AVAILABLE DATA:
=====

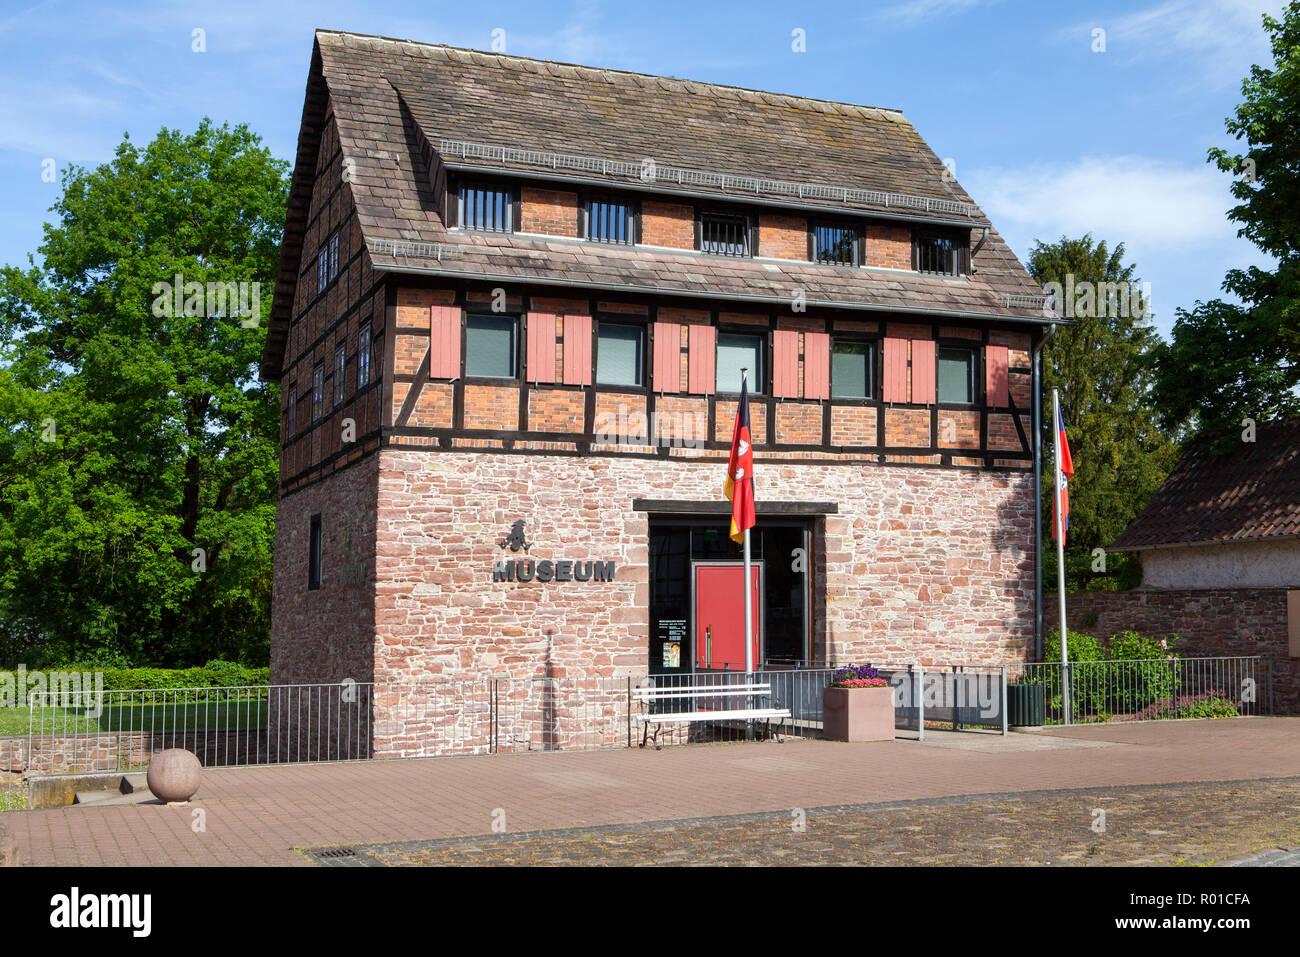 Baron Muenchhausen museum, Bodenwerder, Weserbergland, Baja Sajonia, Alemania, Europa Foto de stock
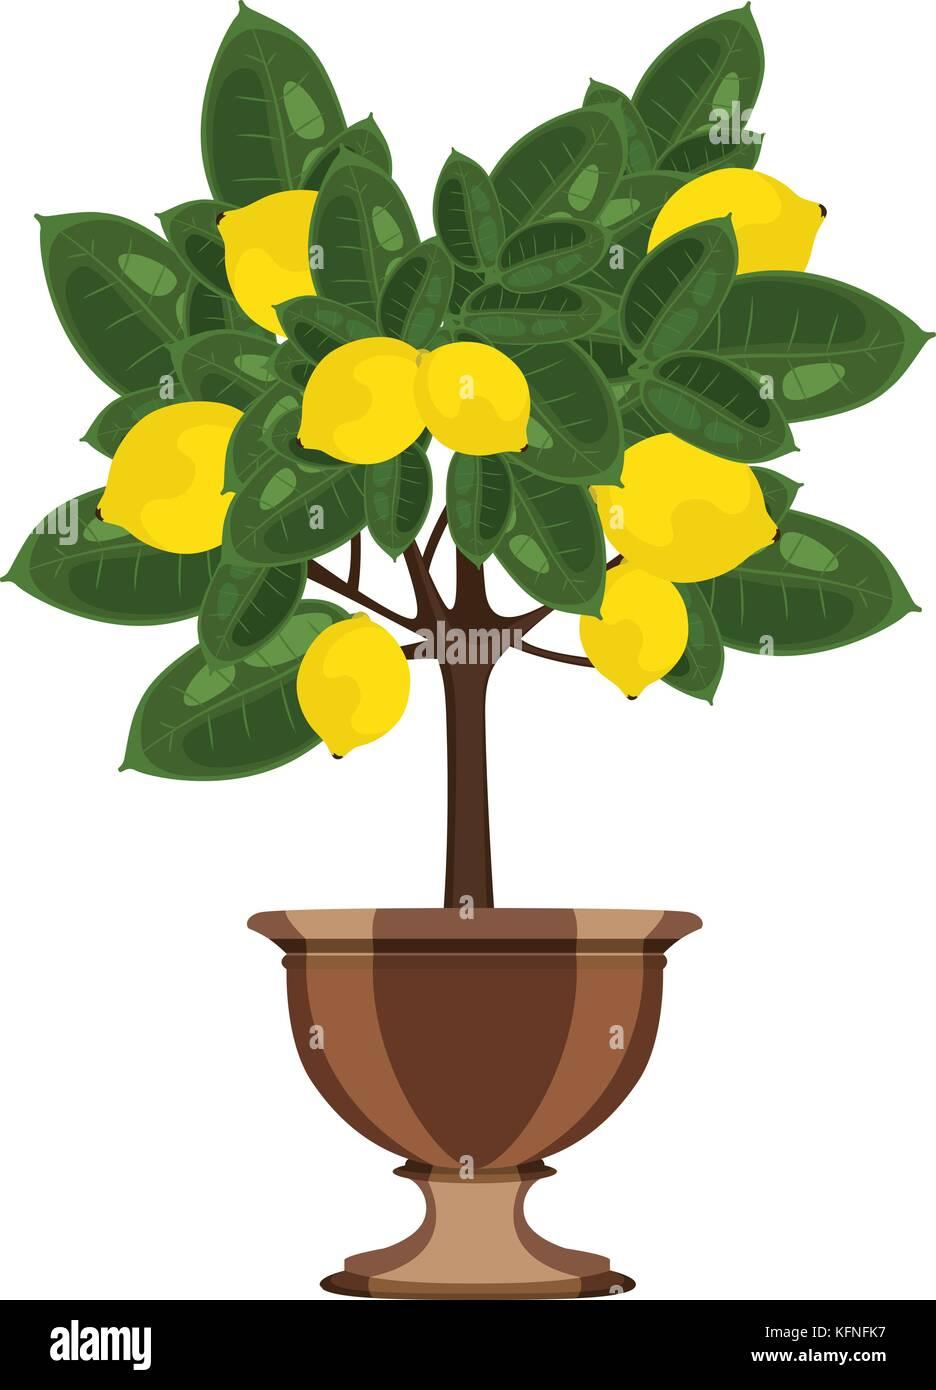 Lemon tree in a flowerpot vector illustration - Stock Vector
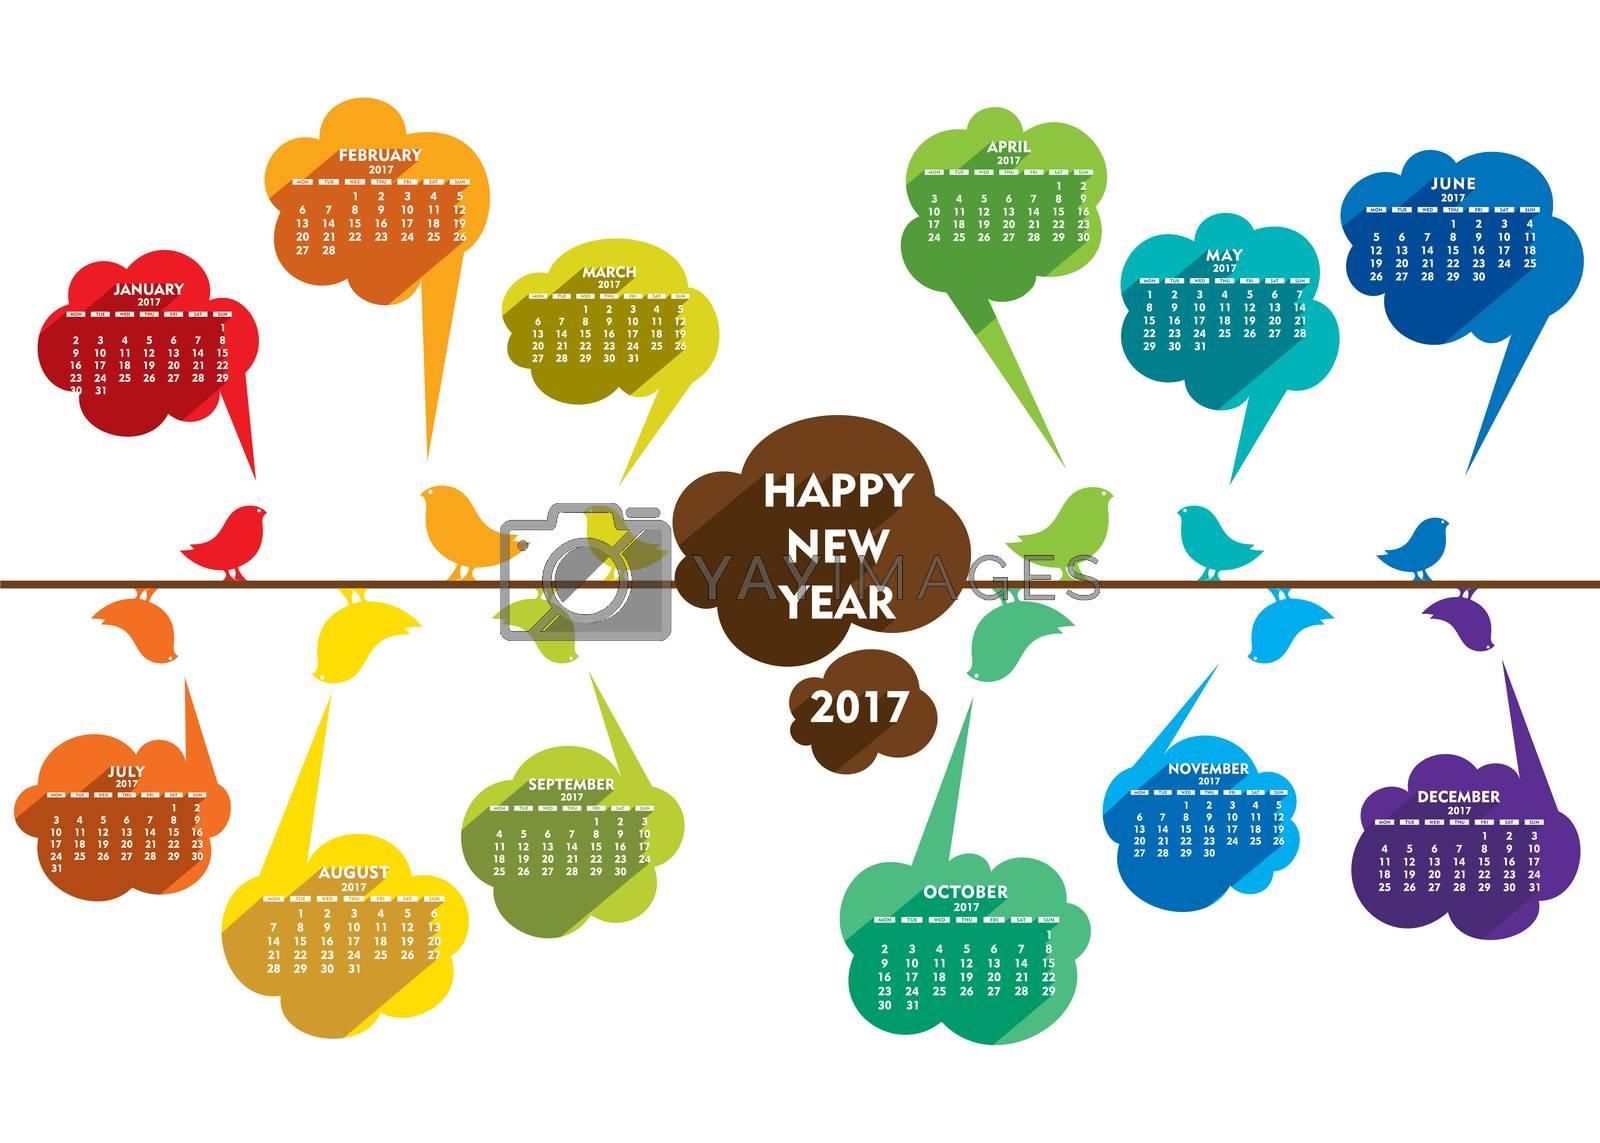 creative happy new year 2017 poster design using bird concept design

=====

BRIEF: Which lines run from the one containing "Lemon tree in" to the end of the data above? Set down those lines exactly, and only those, without any pictures.

TASK RESULT:
 Lemon tree in a flowerpot vector illustration - Stock Vector
 creative happy new year 2017 poster design using bird concept design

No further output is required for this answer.